Recently arrived local Scott Foster has a project for which he both produced the film and co-wrote the screenplay. The short, “Success Driven,” is the story of an Iranian musician and singer who becomes a successful Hollywood mutli-platinum recording artist. Foster also penned lyrics for the title song.

His introduction to the project was itself a story of serendipitous Hollywood good fortune — a chance meeting at a Beverly Hills bar produced an invitation to an Oscar party at which another chance meeting linked Foster to a record producer handling an Iranian artist. The rest is in the story. Yancey Arias directs “Success Driven.”

Idyllwild local Derek Ellingson returns with the short “Nothing Ventured.” Ellingson also had a short in IFC 2012, “In Sickness and in Health.”

“The Visit,” director Fara Pasarell’s featurette family saga of mother-daughter estrangement and possible reconciliation, costars Idyllwild local Sharon Lawrence.

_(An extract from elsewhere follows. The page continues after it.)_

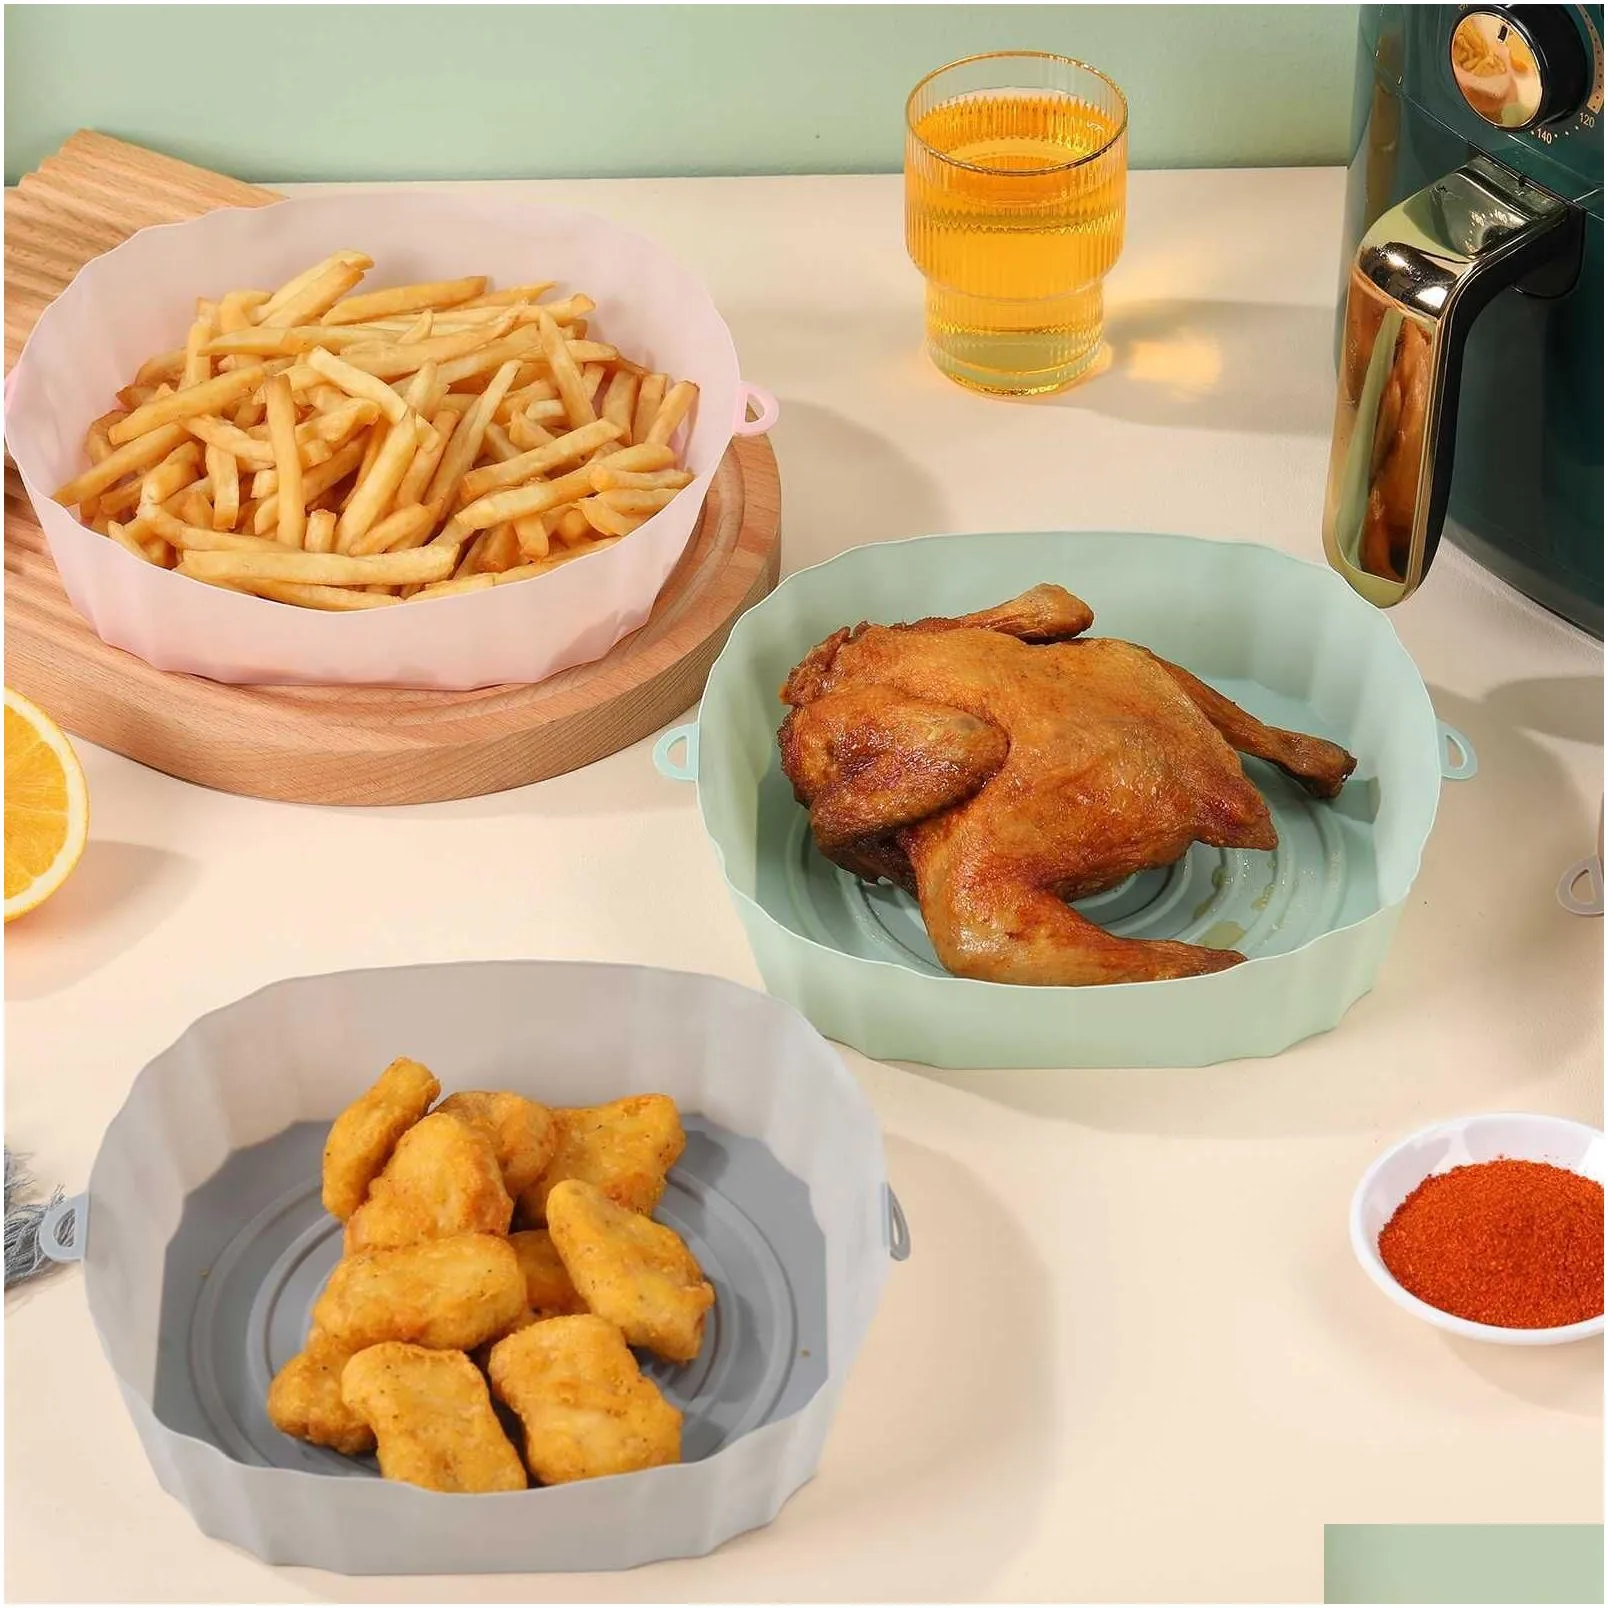  4pcs silicone air fryer basket airfryer oven mold baking tray pizza fried chicken basket reusable pan liner accessories
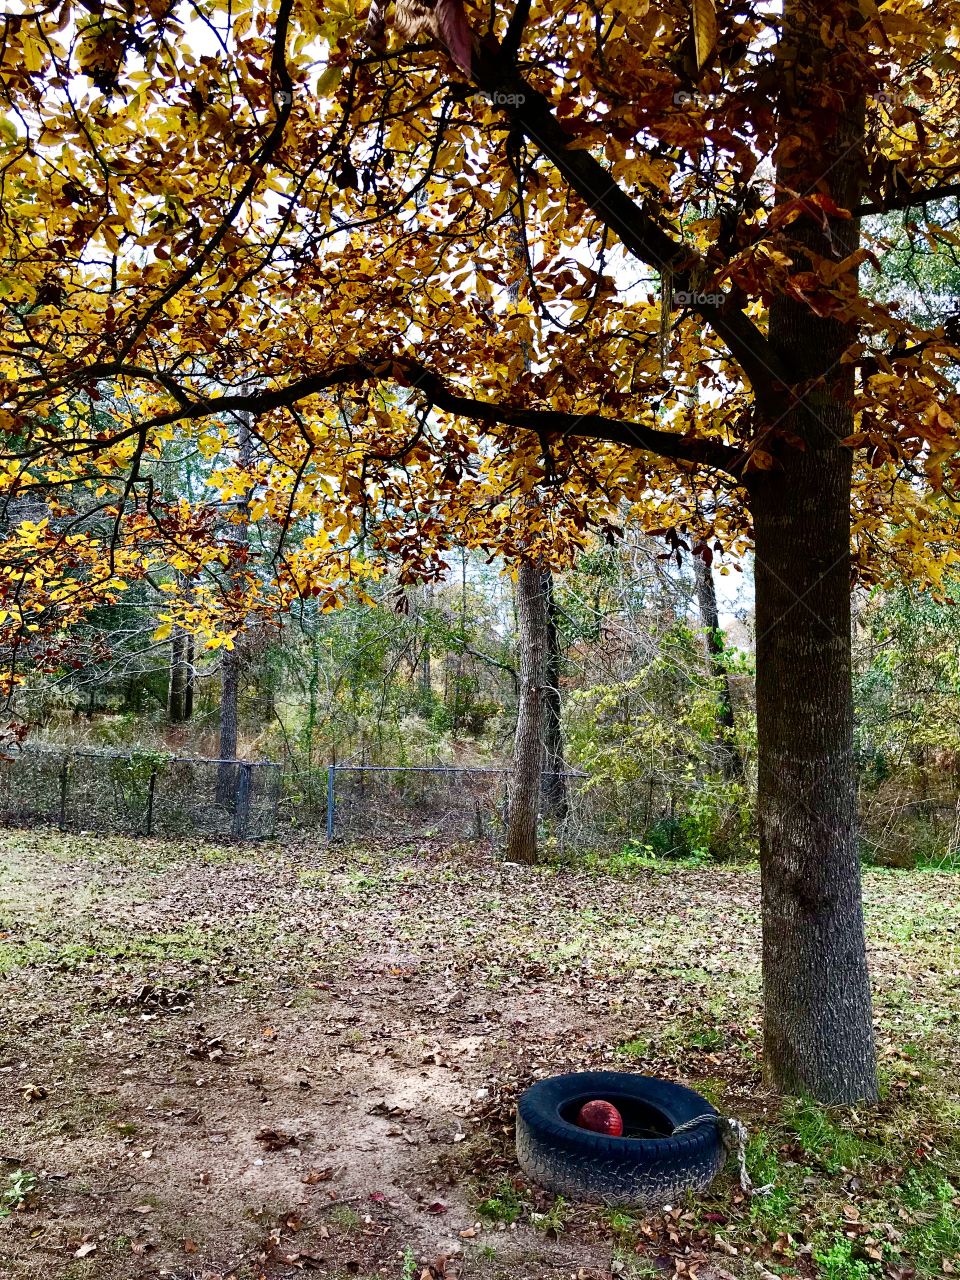 Autumn Leaves and Grounded Tire Swing

Idyllwild Arts will showcase five student projects from its Moving Pictures Department:

“The Wingman,” a short (15 minutes) directed by Gabrielle and Angelo DiMarco; “Perfect,” a short (2 minutes) directed by Anna Q. Mayer; “A Family Like Mine,” a short (22 minutes) directed by Katherine “Tia” Dearns; “Life After Death,” a short (12 minutes) directed by Armani Rodriguez; and “Love Without End,” a short (17 minutes) directed by Ziqing “Rosey” Xu.

Idyllwild Arts Moving Pictures Department has built a national reputation with the quality of the films its high school students produce. The department competes with university film department heavyweights such as the University of Southern California, CalArts, UCLA, American Film Institute and Chapman College. Idyllwild Arts films will also screen in a KCET Festival of Student Films in North Hollywood on Jan. 15.